# Rudolphus the Fish: In Art!



## shinsolo (Nov 2, 2011)

I never draw and I'm not really sure where the urge to do this came from, but here it is!! Drawn with pencil and colored in photoshop. ^_^ Took me four hours >.> Should probably work on art more. That was fun. Look just like him too!

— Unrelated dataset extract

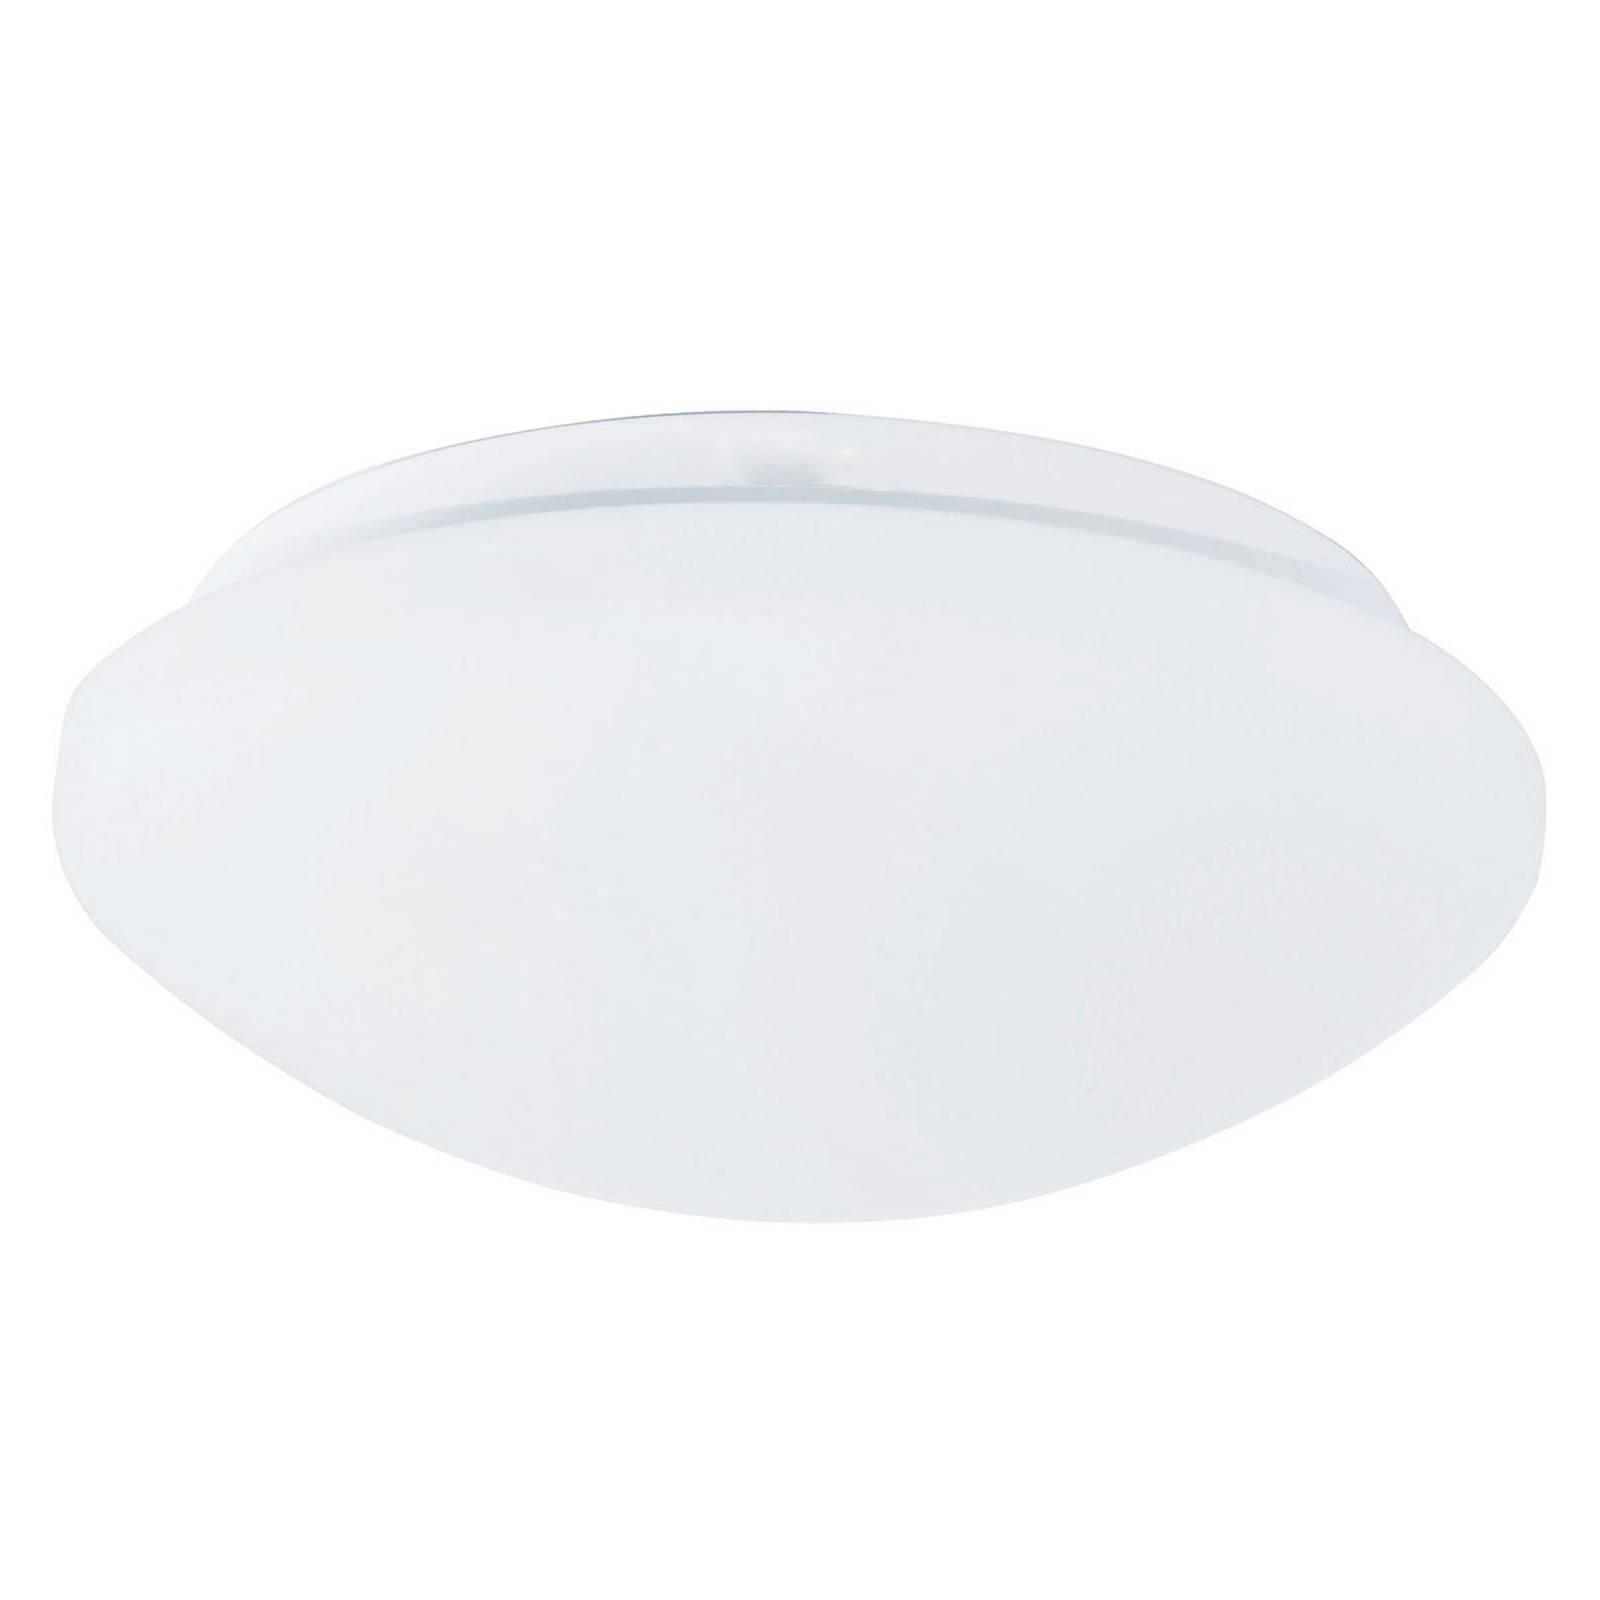 Kattovalaisin tunnistimella LED-DLMW1828cw

I'm proud of myself.


----------



## betta lover1507 (Aug 6, 2011)

you did WAYYY better than when i started


----------



## shinsolo (Nov 2, 2011)

thank you : )


----------



## betta lover1507 (Aug 6, 2011)

if you like would you want to do my HMPK oceanist? of course it is your choice =]]


----------



## shinsolo (Nov 2, 2011)

sure : ) do you have any pictures for me to look at?


----------



## betta lover1507 (Aug 6, 2011)

thanks i would love one =]:
















thanks =]]


----------



## shinsolo (Nov 2, 2011)

awww hes so cute!! I'll see what I can do ^_^ Might take me a couple of days though, homework sort of hit hard today.


----------



## betta lover1507 (Aug 6, 2011)

i understand XP but thanks can't wait how oceanist turns out, sad new about him that he re-grew a popeye from when he was neglected from my brother =[


----------



## shinsolo (Nov 2, 2011)

poor fishiieeee *huggles him*


----------



## betta lover1507 (Aug 6, 2011)

thx =]] i only have salt to help him recover, and cleaning his tank
his story is...

oceanist was was of coursely bought at petco, my little brother neglected him by he was barley fed, never had clean water until months, always cold, and was in complete darkness. but i brang him to my room to care for him and he had pop eye by no clean water weekly ( that is why clean your fishies tanks). it healed stupid me thought it was done and it grew back >=[ so now i have this heater , it is really not for fish so i just put it on my dresser and let it blow warm air at his vase (yes i said vase, am soon gonna get him a tank when i get money)


----------



## shinsolo (Nov 2, 2011)

Whats the best place to buy a 5 gallon glass fish tank? I can't find one anywhere! Petco only has plastic that size, amazon.com has ONE featured and it's pretty ugly, and other websites have showed me other random oddities as well... Help?


----------